Let us get into a software update. Let us say that our application is widely successful and we need to tune our memory a little bit. Let us give our Postgres instances a little bit more memory and then subsequently we could do some adjustments to the Postgres configuration itself. We are going to send a memory request for instances and we want to have a one-gigabyte memory request. Depending on your production application, that might be way too little memory for your database. When we do apply this change, this is a destructive operation, because we are going to the stateful set and saying, we need to adjust the memories; which means that we have to recreate our pods. PGO does this in a rolling fashion; it first takes a replica, takes it down, and makes sure that it does a safe shutdown. It then applies the change, makes sure it’s healthy, and then it goes to the next pod. In this case, we are handling the second replica and it is the same process. When we know it’s ready and able to accept connections, at this point, we are going to go after the primary and we are going to do a controlled switchover. We promote the most healthy replica, which becomes the new primary. All the connections get rerouted there. We take down the old primary and apply the change to it. Sometimes with Keycloak, there might be some connection retry logic that will get it into a loop. Let us make sure that we are still able to save. We are indeed going to a new database now but it looks like the value is saved. If we execute it, the data is still there. 


There have certainly been a lot of advancements in Kubernetes over the past few years to make it easier to run multi-cluster Kubernetes environments. One of the critical linchpins of that is your Postgres database, and making sure that we can get the data and the information between the two, and set us up for promotion or failover scenarios. We are going to create a standby cluster in a different data center. We are going to be leveraging S3 as our broker here. The reason we use the external third party is that it gives us a broker to be able to get the information between both systems.
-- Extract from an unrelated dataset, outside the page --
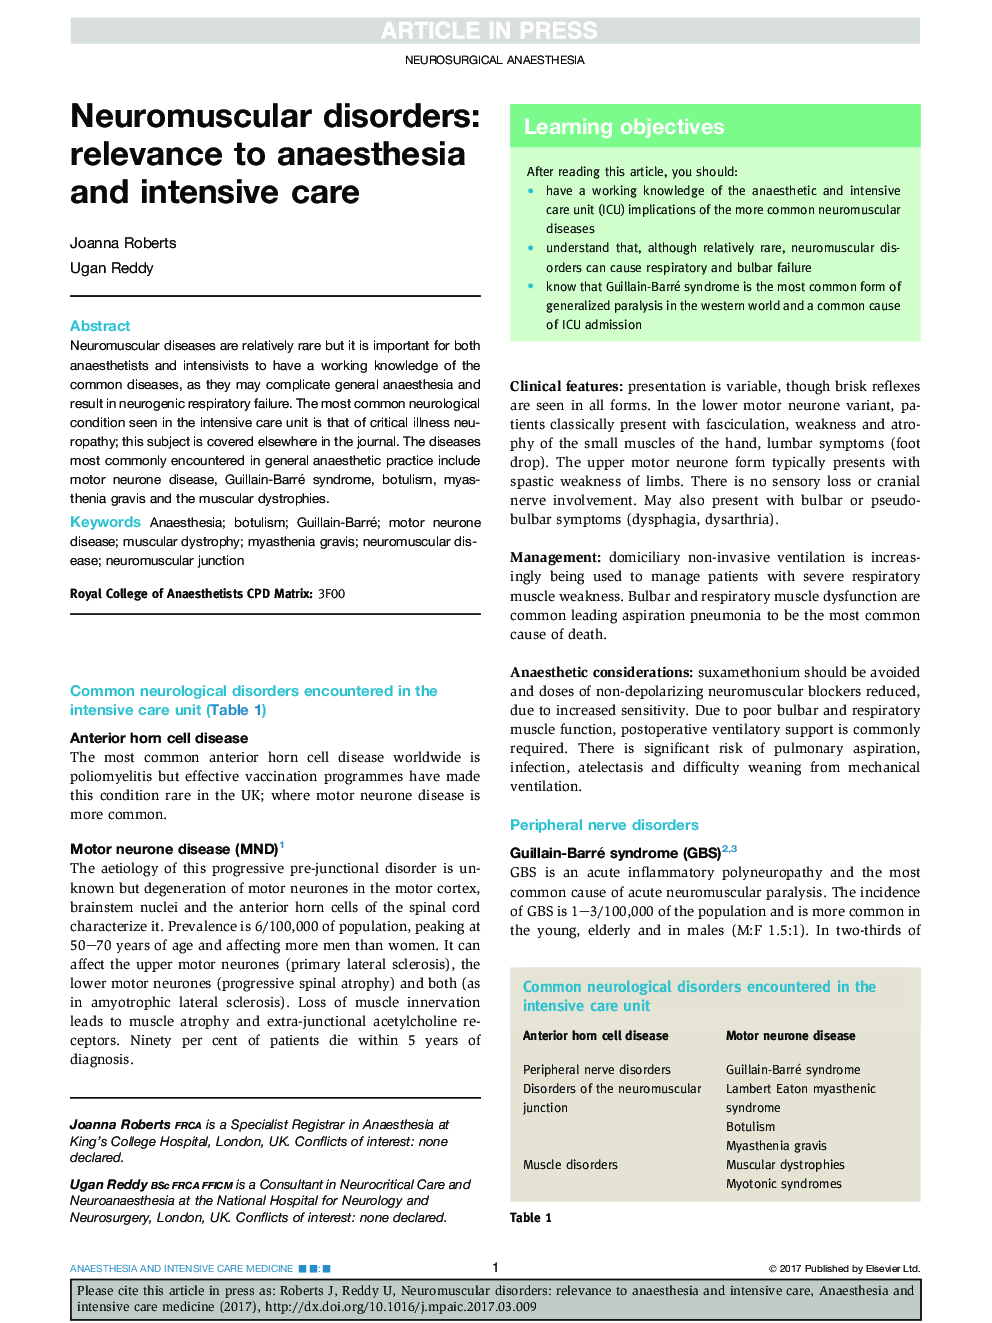 Neuromuscular disorders: relevance to anaesthesia and intensive care

Recall that our second backup repository was the S3 repository, and we do have a backup there. There is information there to create the standby cluster. Let us go ahead and do that. 


Our standby cluster is going to look very similar to our primary cluster, and that’s by design. But the one difference is that we have a session called standby, it says enable true and it is pointing at the backup repository. We are using bootstrapping and continuously reading some of the data. For application, we are deploying Keycloak in that second data center. In this case, I am starting it at zero and we will see us bring it up. Now I am handweaving one thing on the multi Kubernetes cluster aspect, which is to save some kubectl context switching. I deployed this cluster to a namespace that I called data center 2(DC2). 
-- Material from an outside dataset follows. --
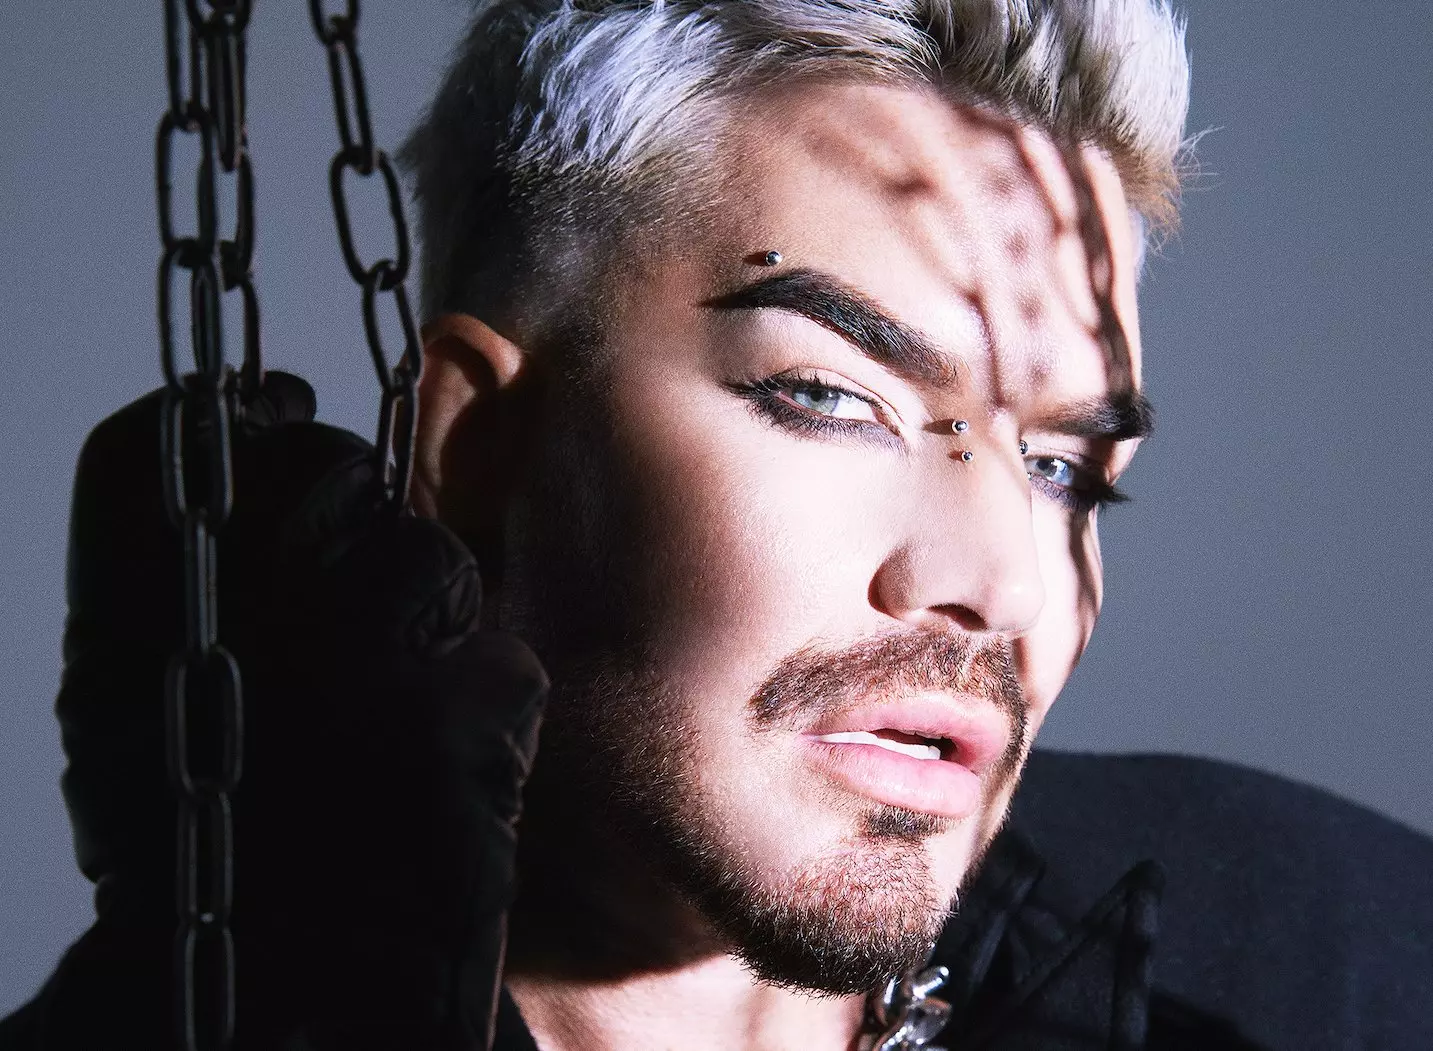 Inside Adam Lambert's 'Afters': How '90s House, Clubbing & Lots Of Sex Inspired His Most "Liberated" Music Yet

Let us see how we are doing in terms of bringing up our Postgres cluster. I am going to do it in a risky way by running a query against the database. We are on the DC2 database now, and it is up and running. We can see our database pods, and one of our backup repository pods is already there. How do we know this is a standby cluster? The command in Postgres is  “pg_is_in_recovery()”. If it returns true that means it is in replay mode, or it is accepting changes from a different database. In this case, it returned true which means it is a standby cluster. I am going to run this command just to synchronize the value of the Keycloak secret between our primary cluster and our standby cluster. You could use an operator that synchronizes secrets between two different data centers. In our standby data center, we can see that we are using the backup. We are leveraging the backup from the primary data center, which is in S3. We have our standby cluster set up and it is ready to be promoted. Let us go into a full “day 2” operation and promote that. 


We can explicitly shut down data center one or our Postgres cluster. First, we are going to shut down all the replicas. We do a safe shutdown to make sure any active transactions get flush to the disk or get pushed up to the backup repository. We then terminate the primary and after that, we will be safe to promote the backup data center. Let us promote our standby cluster. We are going to bring Keycloak up as well since we are promoting the standby. When we promote the standby, it is almost instantaneous as the database is already up and running. But Keycloak is going to take a little bit to boot up, some of that is based on the application. I am going to set a new port forward to Keycloak, and I am going to do it on a different port. I was running on 5000 before and now I am going to go to 5001, to be clear we are accessing Keycloak from a different data center. 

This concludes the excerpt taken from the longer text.